Change state to next waypoint unless the following inputs are observed:
Input | Value | Response | Description |
---|---|---|---|
Traffic Light | Green Light | Set Waypoint to Forward | Green light stop |
Traffic Light, Waypoint | Red Light, Not Right | Set Waypoint to None | Red light stop, right turn is legal |
Left Car | Intended Travel Right | Set Waypoint to Right | Left car is moving into lane, move right |
Right Car | Intended Travel Left | Set Waypoint to Right | Right car is moving into lane, move right |
Waypoint, Left Car | Right, Forward | Set Waypoint Forward | Next waypoint will cause accident |
Waypoint, Right Car | Left, Forward | Set Waypoint Forward | Next waypoint will cause accident |
The table is split into four columns: Input, Value, Response, and Description. The input column are the affected states and the value column is the value that the state should be in to elicit the response column. For example, the input being traffic light with a value of red means we should set our waypoint to none to stop. This rule set will be evaluated again before a final response. If the next waypoint is occupied by another agent, we move forward but if the traffic light is red then we stay idle.
Next, investigate the 'sim_improved-learning.txt'
text file to see the results of your improved Q-Learning algorithm. For each state that has been recorded from the simulation, is the policy
(the action with the highest value) correct for the given state? Are
there any states where the policy is different than what would be
expected from an optimal policy?
The state policies follow the above steps correctly. The dummy agents have a policy defined in the enviornment.py class that match the policies defined in the table. During the exploration stage of the learning, the Q-Learning model state was chosen randomly for a period of time until epilson became sufficiently small. This caused some states to have reinforced policies that were not optimal because the enviornment postively reinforces valid actions although they might not be optimal.
Provide a few examples from your recorded Q-table which demonstrate that your smartcab learned the optimal policy. Explain why these entries demonstrate the optimal policy.

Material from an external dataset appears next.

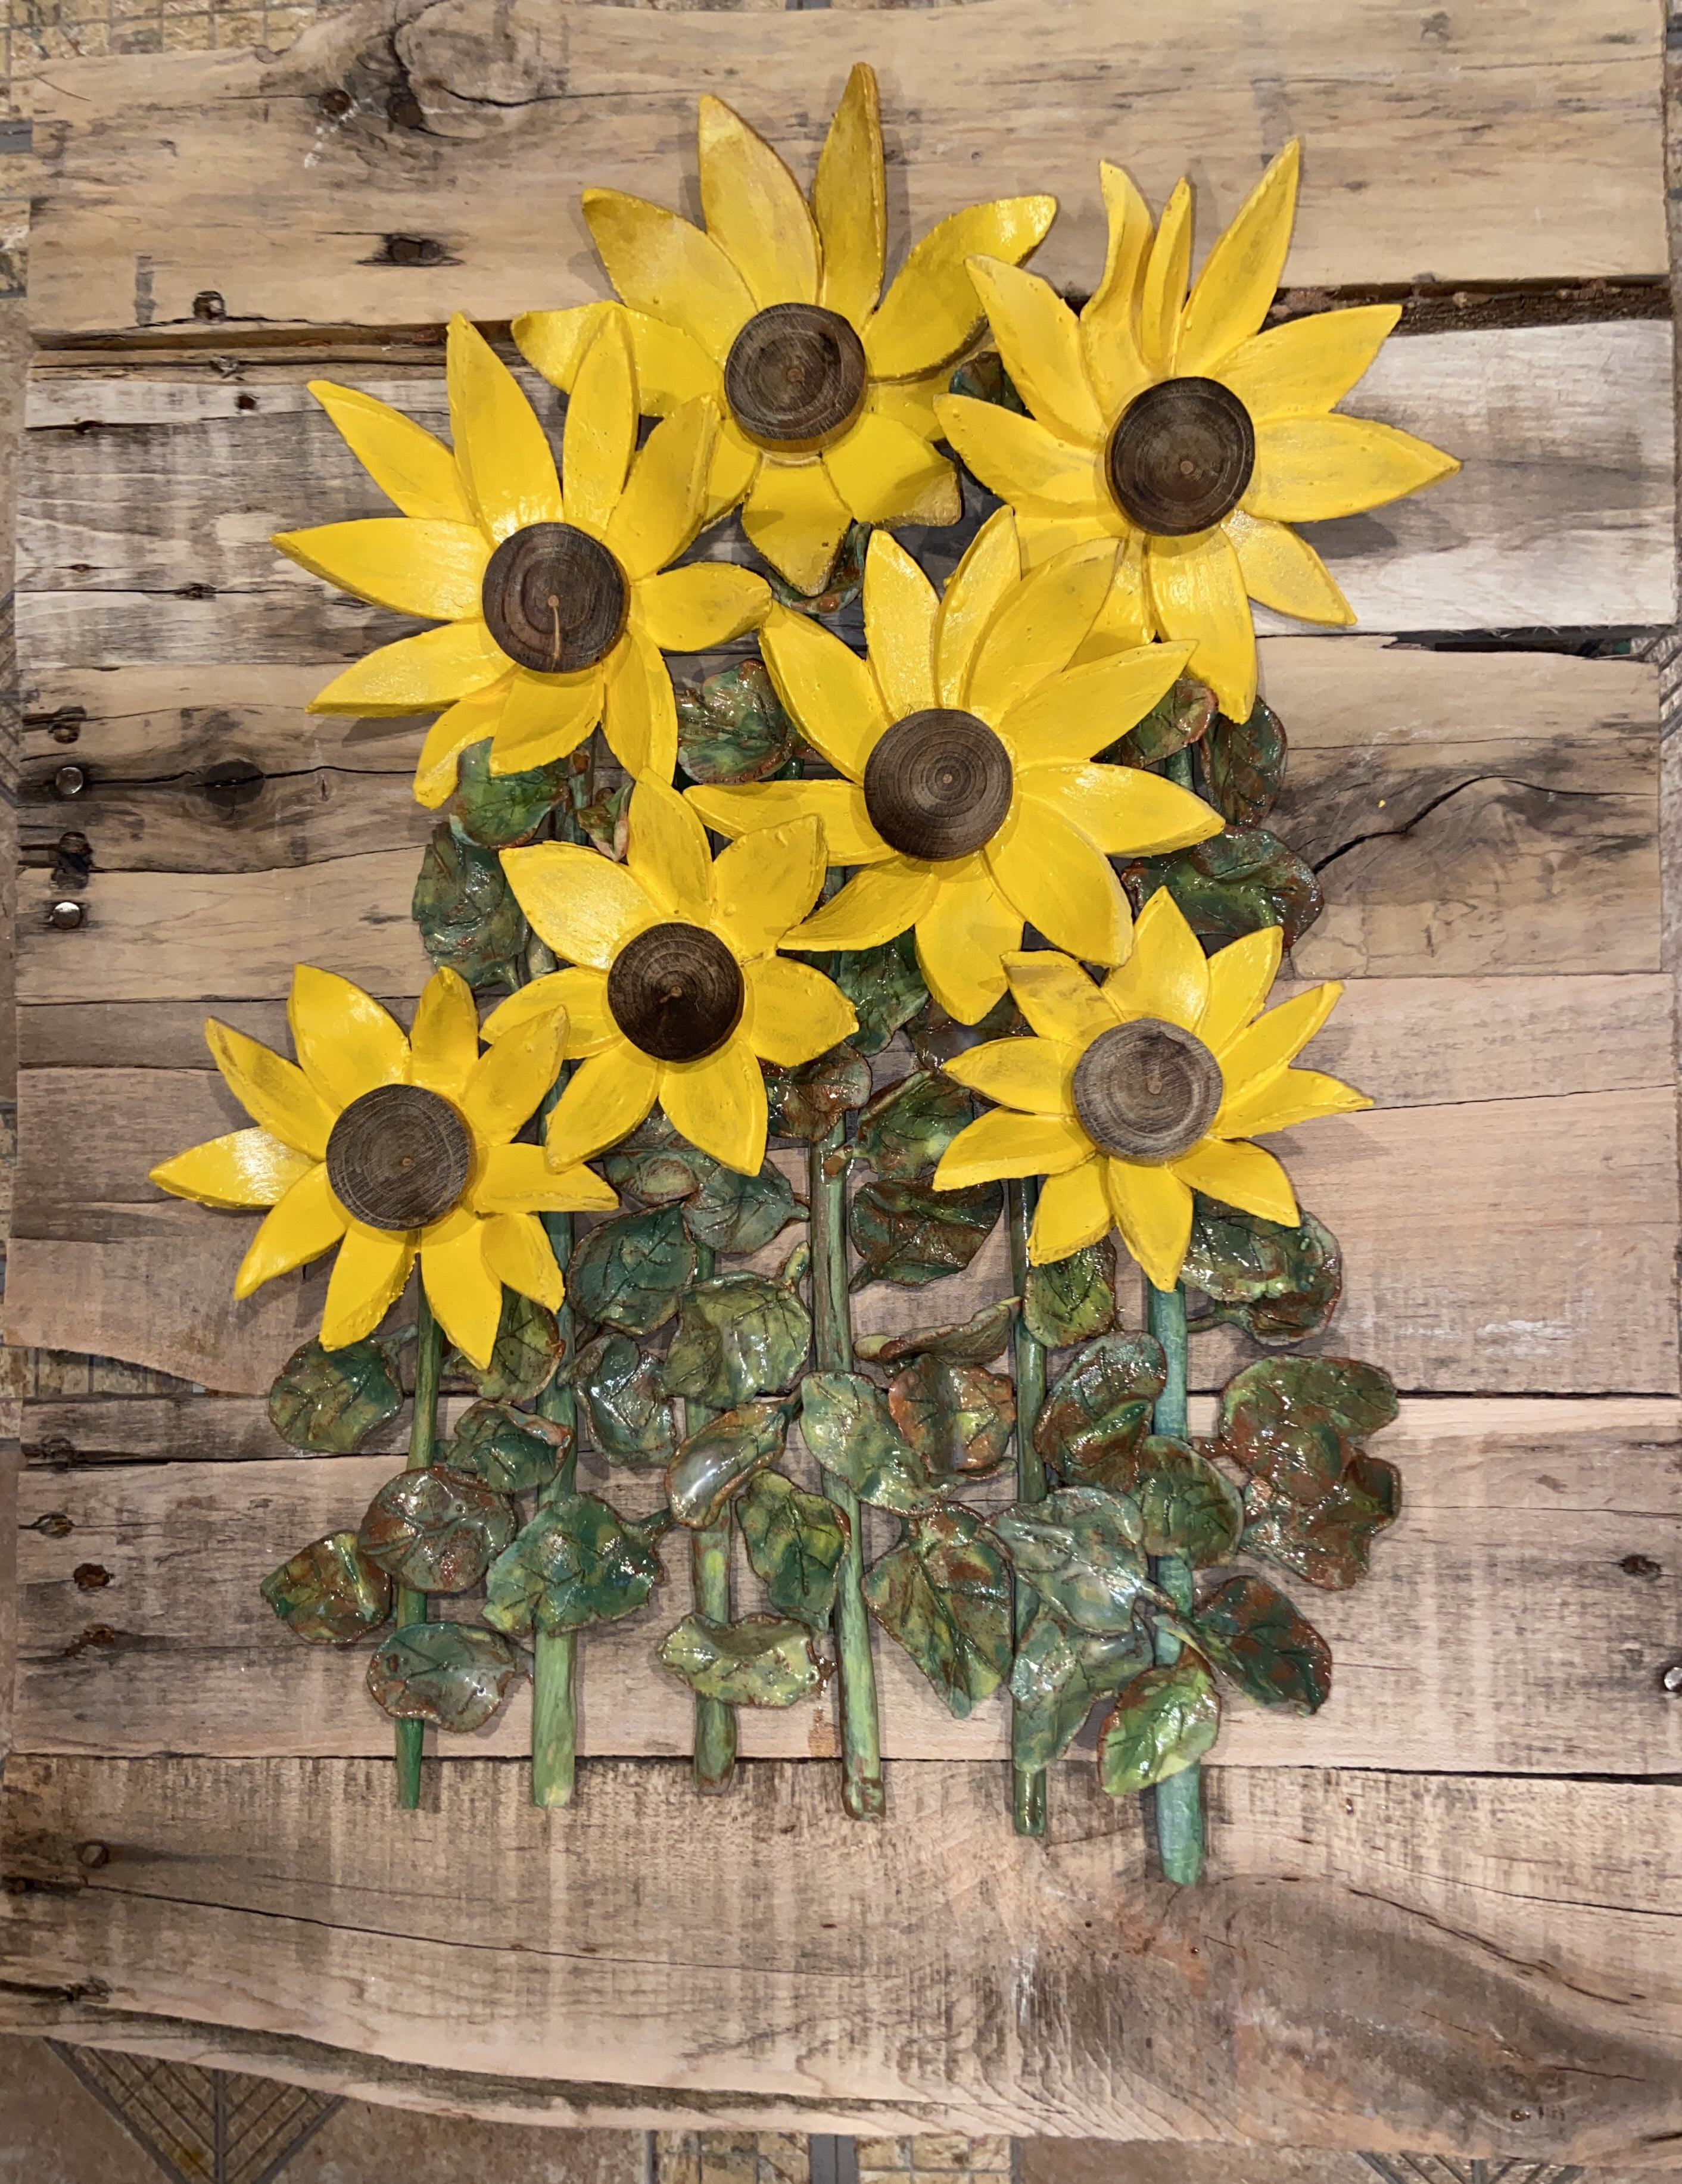 Kasse Andrews-Weller: Sunflowers

The following examples are in the form: (waypoint, inputs['light'], inputs['left'], inputs['right'])
Example 1
('left', 'red', None, 'right')
-- forward : -0.78
-- left : -1.20
-- right : 0.03
-- None : 0.36
This scenario is where the Smartcab correctly stops at a red light.
Example 2
('right', 'red', 'forward', None)
-- forward : -1.95
-- left : -0.40
-- right : -0.80
-- None : 0.26
This scenario is where the Smartcab can attempt a valid right turn on a red light. The Smartcab has learned that in this scenario, taking a right turn is not optimal because it will cause an accident with the left car. We can see that the forward and left moves are also correctly negatively reinforced. The optimal policy in this scenario is to stay idle, the only postively reinforced feature in the model for this set.
Example 3
('forward', 'green', 'forward', 'left')
-- forward : 0.32
-- left : 0.01
-- right : 0.03
-- None : -0.04
This scenario is where the Smartcab correctly moves forward at a green light.
Try to find at least one entry where the smartcab did not learn the optimal policy. Discuss why your cab may have not learned the correct policy for the given state.
Incorrect Policy
('right', 'green', None, 'right')
-- forward : 0.01
-- left : 0.06
-- right : 0.03
-- None : -0.06
The Smartcab is at a green light and the next waypoint is to move right but the reinforced policy is to move left from the agent's learning. During the exploratory phase of the training, the Smartcab may have been reinforced to make a left turn from a random pick. The enviornment still rewards valid yet incorrect actions based on the penalty which is partly determined by the time remaining. This can explain why the action of right was rewarded the most instead of the optimal policy of forward.